The new cable, tentatively titled the Tasman Global Access (TGA) Cable, will significantly improve New Zealand’s international telecommunications connectivity as well as strengthen links into fast-growing Asian markets.

The total cost of the TGA cable is expected to be less than US$60 million. The cable will incorporate three fibre pairs with a current design capacity of 30 terabits per second – approximately 300 times the current internet data demand out of New Zealand.

30 terabits a second isn’t bad!

The TGA cable will achieve significant international connectivity benefits for New Zealand at a fraction of the build cost of another, much longer trans-Pacific cable, the consortium partners said.

It would be nice to have another trans-Pacific cable also, but this announcement is good news as it means more competition and more capacity. What is pleasing is that it is not just Telecom (who have the biggest stake of Southern Cross) but also Telstra and Vodafone.

Telecom chief executive Simon Moutter and Vodafone New Zealand CEO Russell Stanners jointly commented: “The business case for a new cable between New Zealand and Australia is compelling, providing greater capacity and global redundancy capability. It also reflects the growing importance of trans-Tasman internet traffic: for example, around 40% of both Telecom and Vodafone’s international internet traffic is now Australia to New Zealand, versus just 10% in 2000.

“We are seeing increased data content being provided from Australia-based servers by global companies and being accessed by New Zealand internet users.
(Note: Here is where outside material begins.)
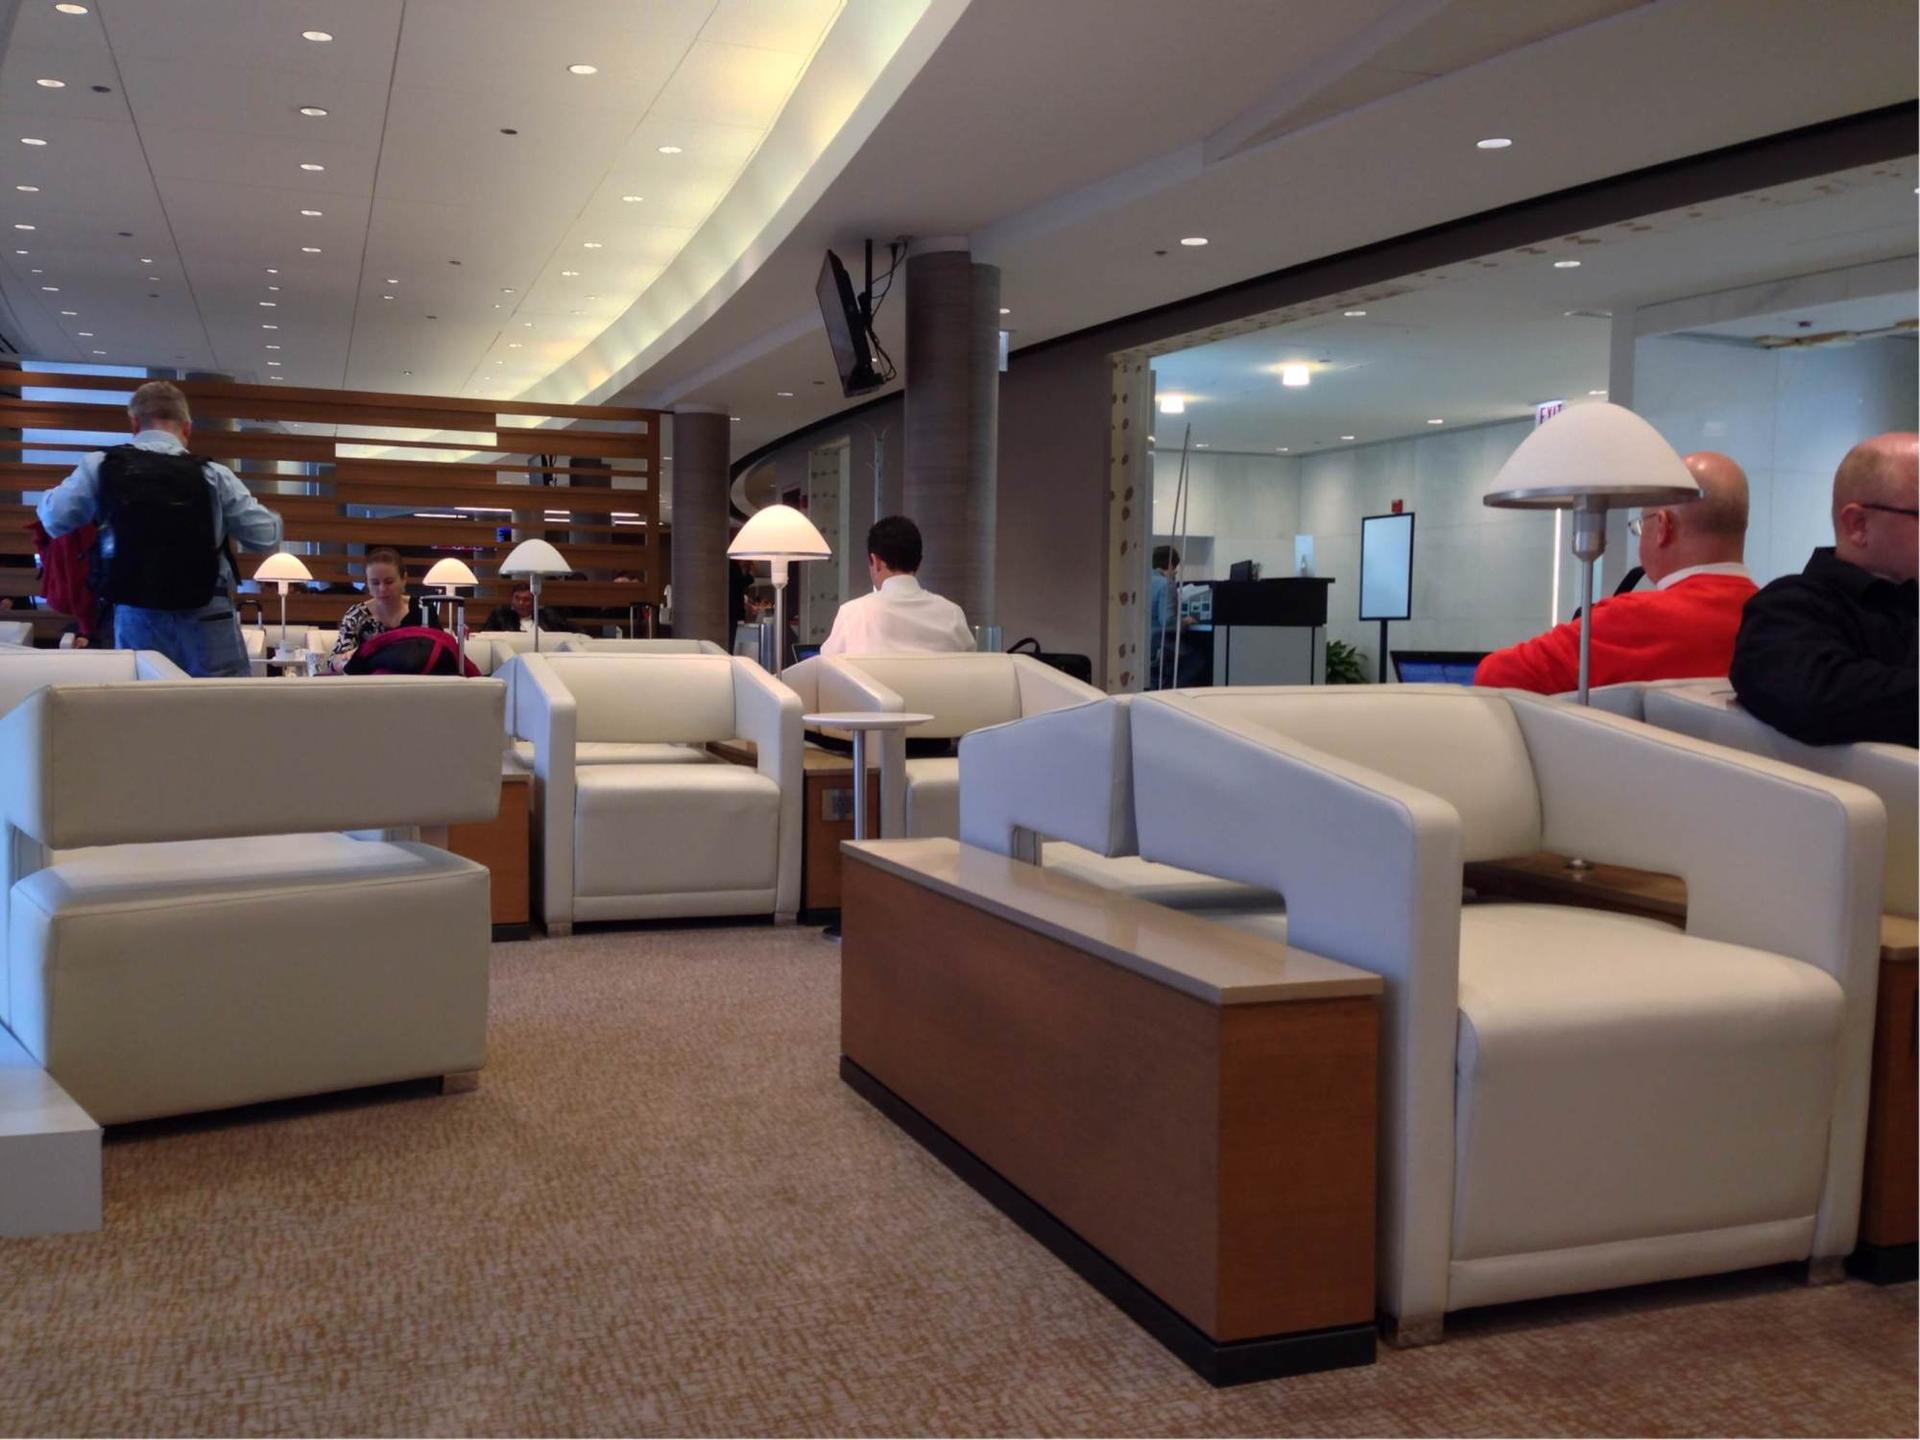 American Airlines Admirals Club image 6 of 50

An additional cable connection with Australia will strengthen the business case for international data servers to be located in New Zealand.

I’ve blogged on this in the past. NZ will never be big enough to have global datacentres here, but if we can get the Googles and Apples of the world to do regional datacentres in Sydney, then we will pull more and more of our data from Australia rather than the United States.